#### DATA EXCERPT:
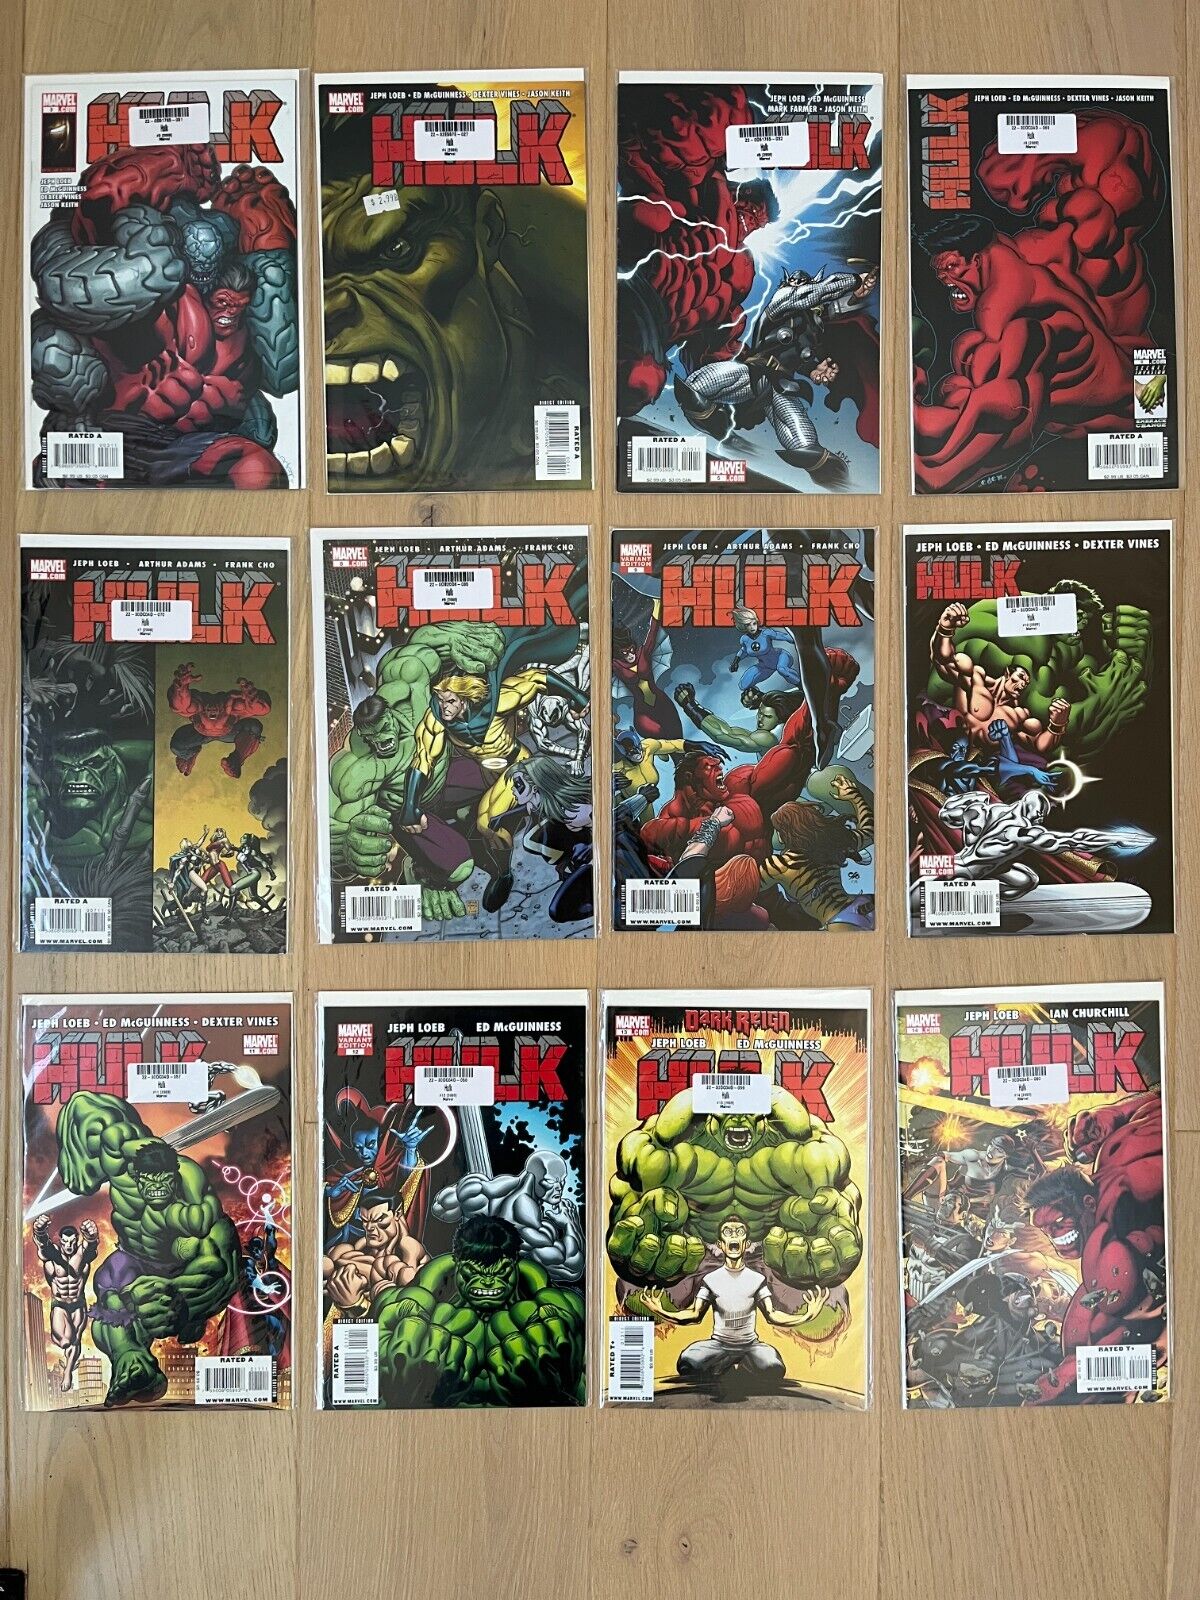 Hulk 12 issue lot - #3, 4(Green), 5-14 + variants Red Hulk Loeb McGuinness Cho
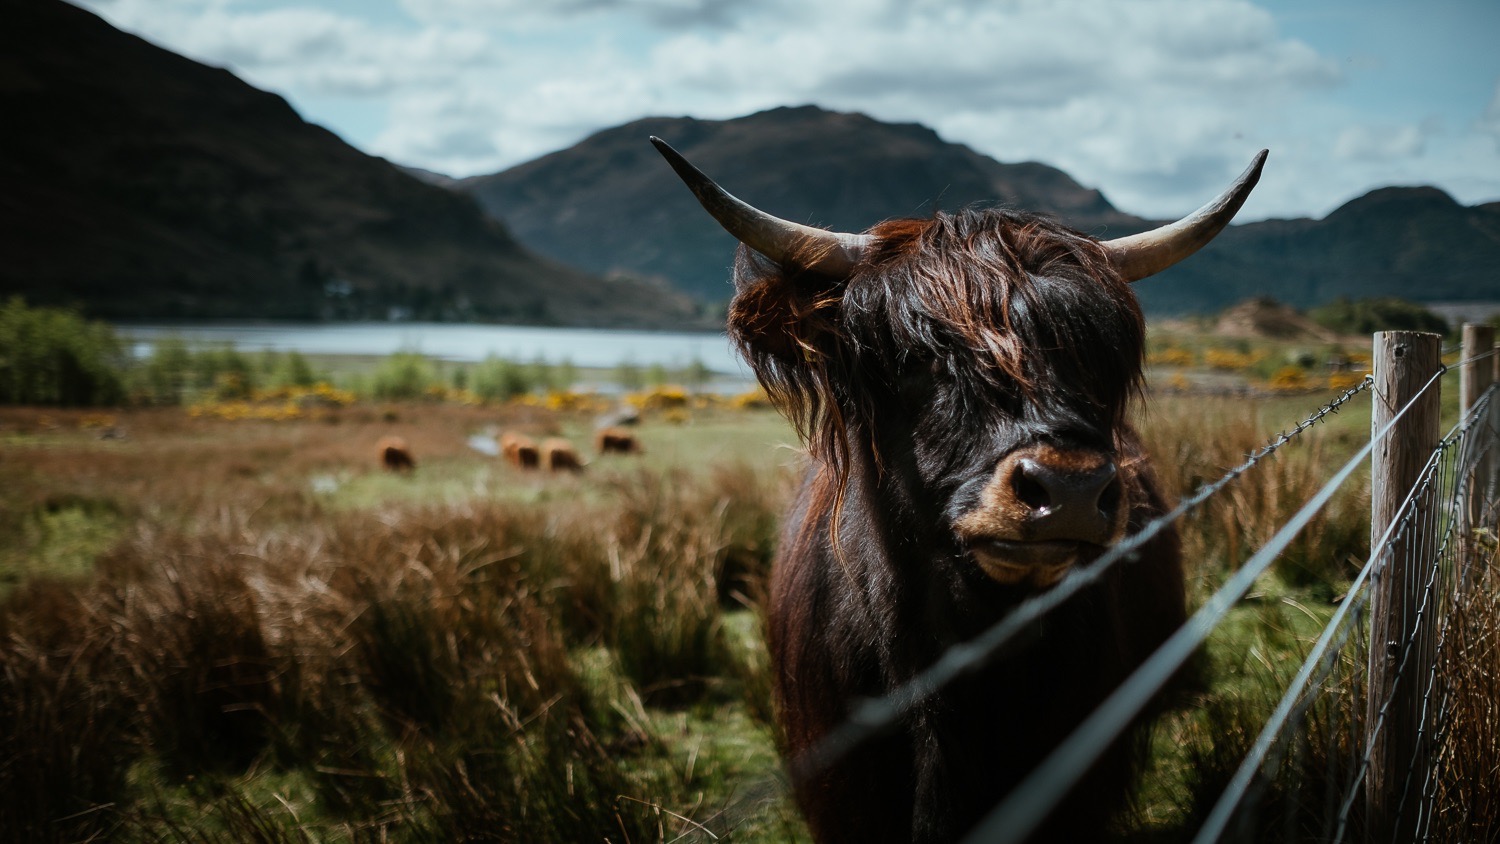 0041-scotland-tamron-le monde de la photo-paysage-20190509132614-compress.jpg
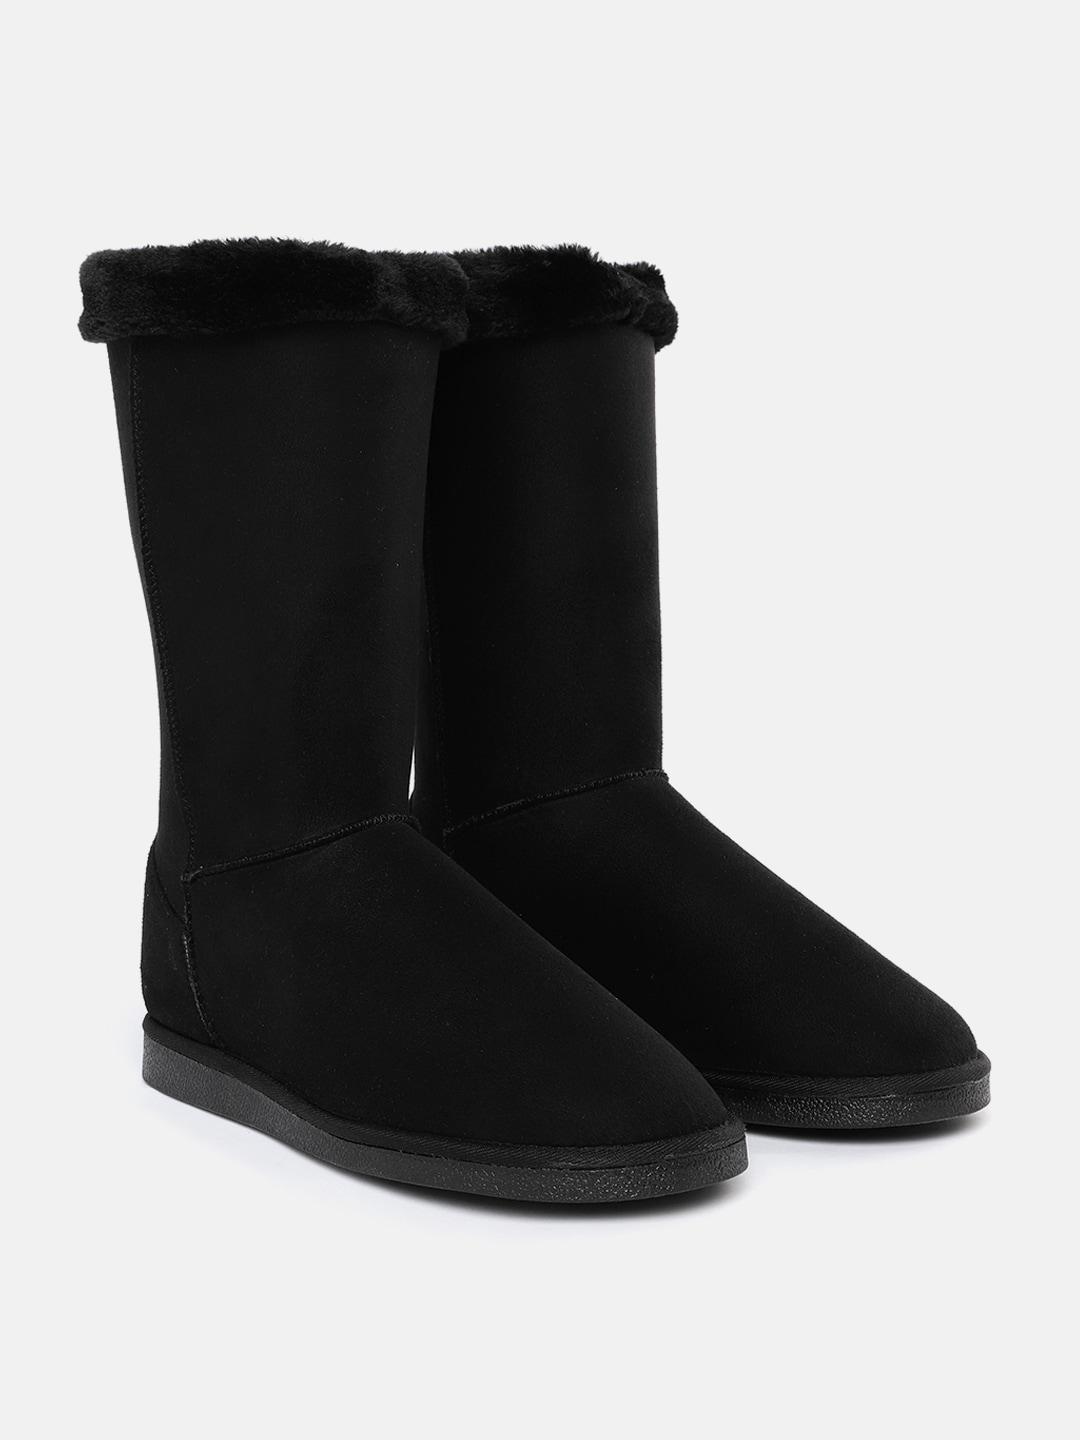 carlton london women black high -top flat winter boots with faux fur trim detail

#### TASK BRIEF:
Restate the material above word for word, so that nothing changes except that the pictures are gone.

#### WRITTEN SOLUTION:
 Hulk 12 issue lot - #3, 4(Green), 5-14 + variants Red Hulk Loeb McGuinness Cho
 0041-scotland-tamron-le monde de la photo-paysage-20190509132614-compress.jpg
 carlton london women black high -top flat winter boots with faux fur trim detail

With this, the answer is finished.